In September this year, the Indian Government had banned the hugely popular game, PUBG Mobile and other 117 Chinese apps under Section 69A of the Information Technology Act, 2000 for engaging in activities prejudicial to sovereignty and integrity, defence and security of the country. 

Despite the government’s ban on PUBG Mobile, people have been violating the law by downloading and playing PUBG Mobile’s Korea (KR) version using the VPN (Virtual Private Network) Service. This also includes Indian YouTubers who are playing PUBG Mobile KR games using VPN service and uploading videos to their channels and live streaming them.

For those unaware, a VPN is used to mask your Unique IP Address and access websites and services that are not allowed by your Internet Service Provider (ISP).
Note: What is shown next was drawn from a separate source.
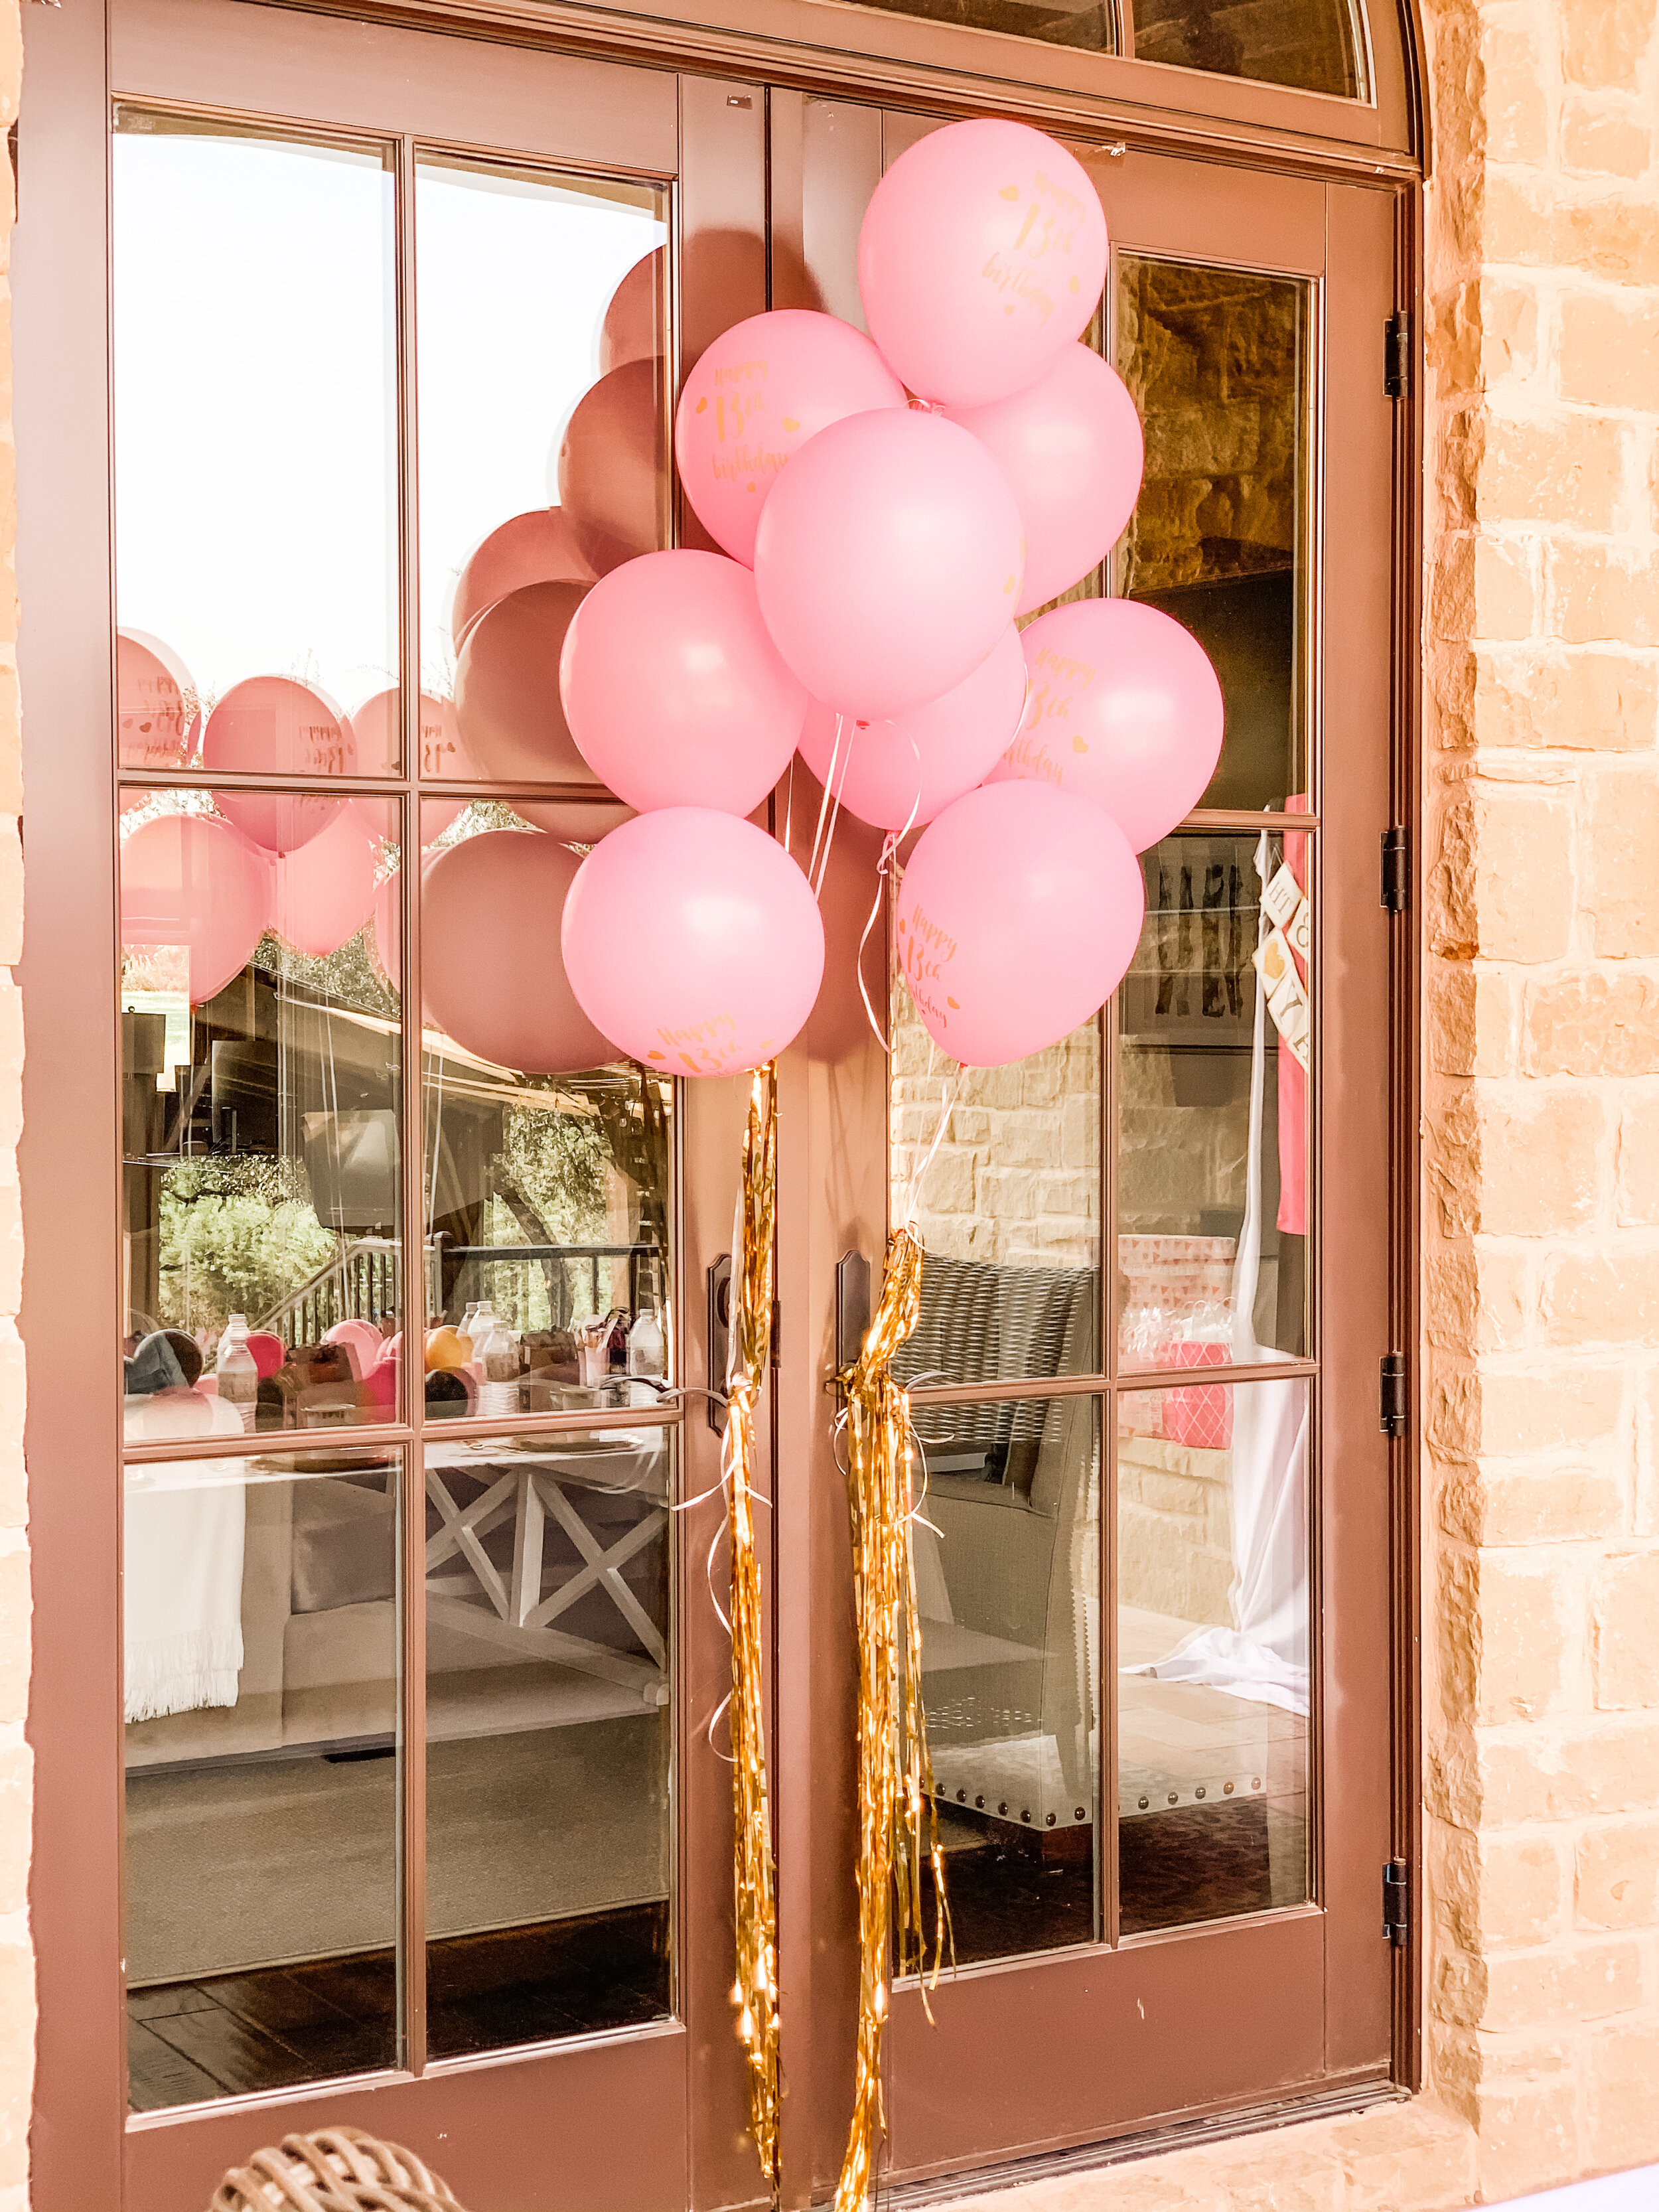 Pink and gold balloon details for a Glamorous Teen Birthday Party - get more details and party inspiration on minteventdesign.com!
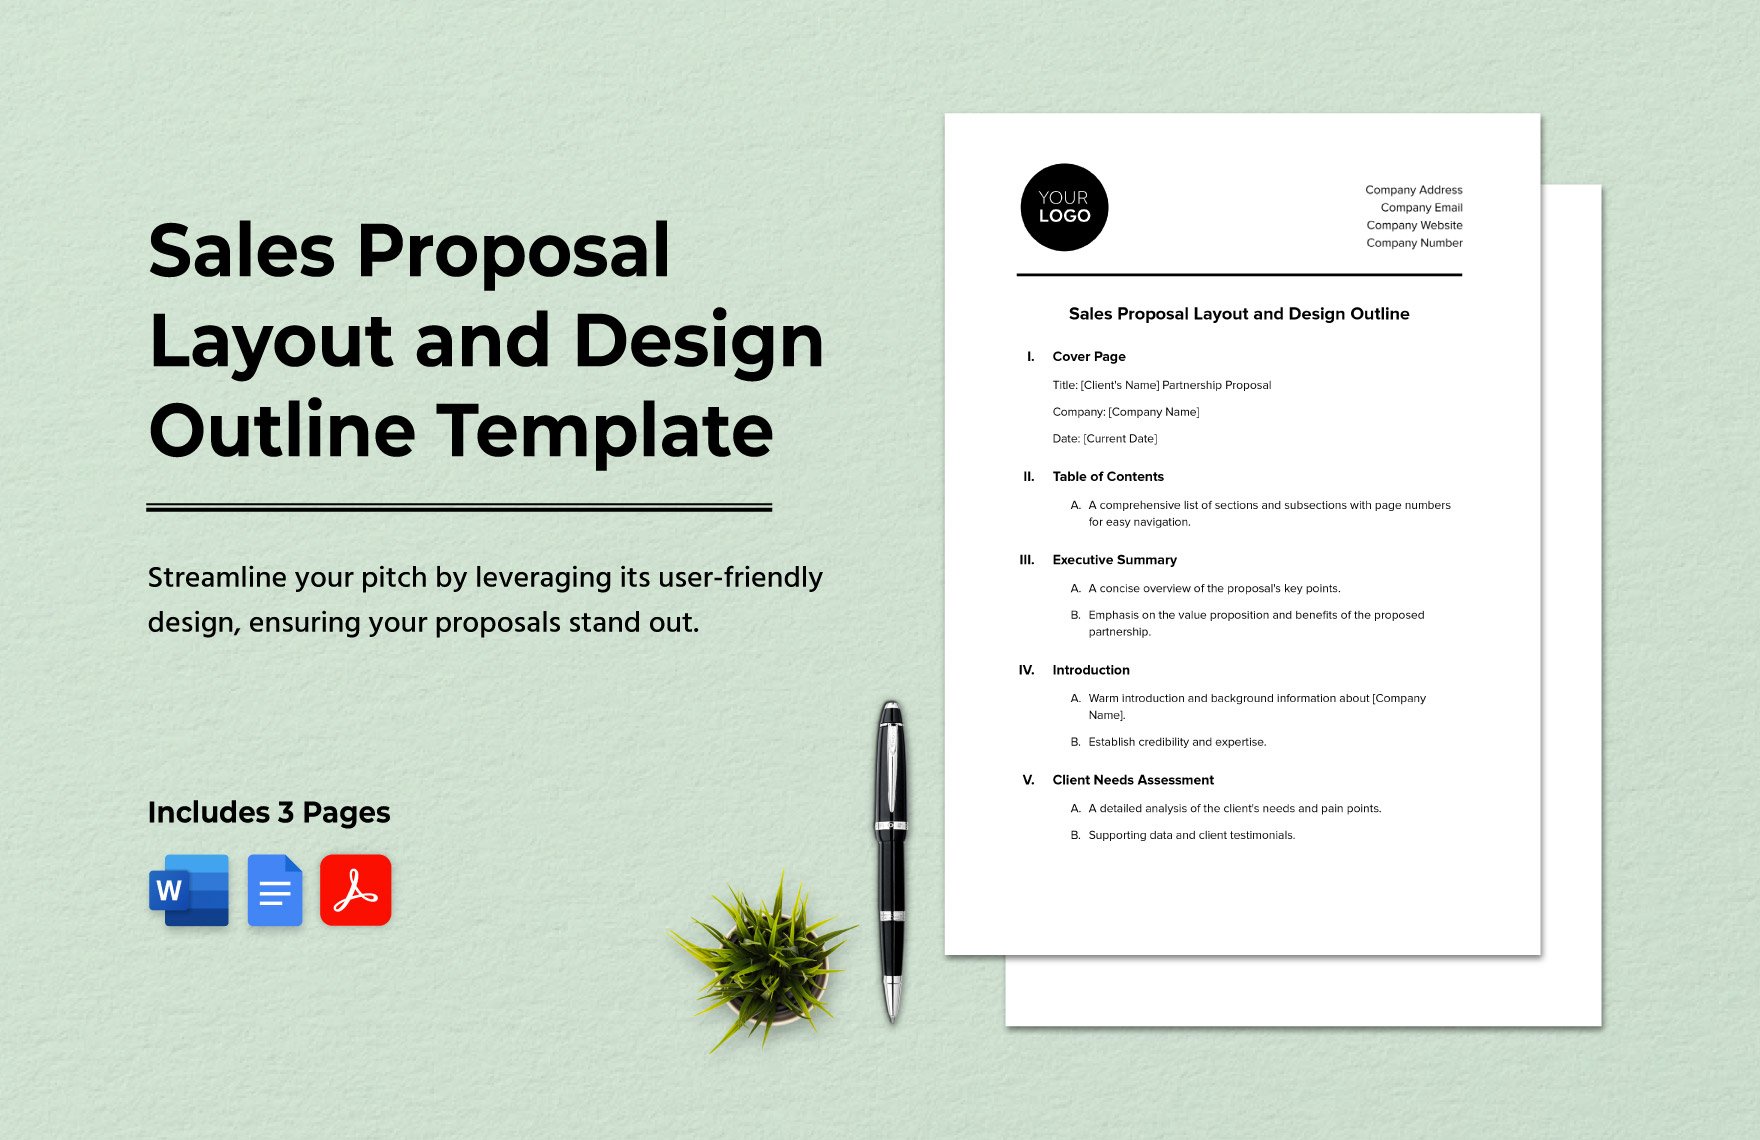 Sales Proposal Layout and Design Outline Template in Word, Google Docs, PDF

The VPN service allows gamers to mask their IP address and incoming data packs so that no one can detect the original IP address.

Recently, Adeeb Sayeed, a blogger sent out warning letters to such content creators trying to alert them of the consequences they could face for breaking the law. 

Reacting to this, many content creators asked for a “text from the government, explicitly saying that the PUBG Mobile KR (Korean) version of the game is banned.” According to them, the government has banned only the global versions of the PUBG Mobile and PUBG Mobile Lite apps in India. 

However, what the content creators do not seem to understand is that PUBG Mobile KR has cross-play functionality, which means it accesses the PUBG Mobile Global server. Since this is blocked by the Indian government, accessing any such content is against the law.

Following the ban, many RTIs have been filed to find out when PUBG Mobile would return to India. Prasoon Shekhar, a law student had requested the following information in his application under the Right to Information Act: 1. 

  1. Provide the provision of law that governs what happens if somebody disobeys the ban imposed on Chinese applications like PUBG Mobile.
  2. What is the maximum punishment and penalty that can be imposed on the defaulter, if at all?
  3. Provide the number of persons prosecuted (till date of reply to RTI application) for violating the imposed ban and restrictions on Chinese applications.

In reply to the RTI, the Ministry of Electronics and Information Technology (MeitY) clarified that there is no such provision of law. While the ban is imposed and standing, there is no prescribed penalty for individual users of mobile apps that have violated the said ban, it added. Nevertheless, there is a penalty prescribed for intermediaries under Section 69A of the Information Technology Act, 2000 who fail to comply with the blocking order.

“MeitY does not ban any App. However blocking of specified Apps was done under the provisions of Section 69A of the Information Technology Act, 2000 and its Rules namely Information Technology (Procedure and Safeguards for Blocking Access of Information by the Public) Rules, 2009. Section 69A of the Act provides for a penalty to intermediaries for non-compliance of the blocking order. However, no penalty is prescribed for individual users of such Apps”, the Ministry said in its reply.

This means there is no penalty for individuals playing or using the Korean version of the PUBG game. However, they are still disobeying the imposed ban. On the other hand, YouTube streamers or content creators could get prosecuted and penalized for publicly breaking the law for accessing banned apps in India.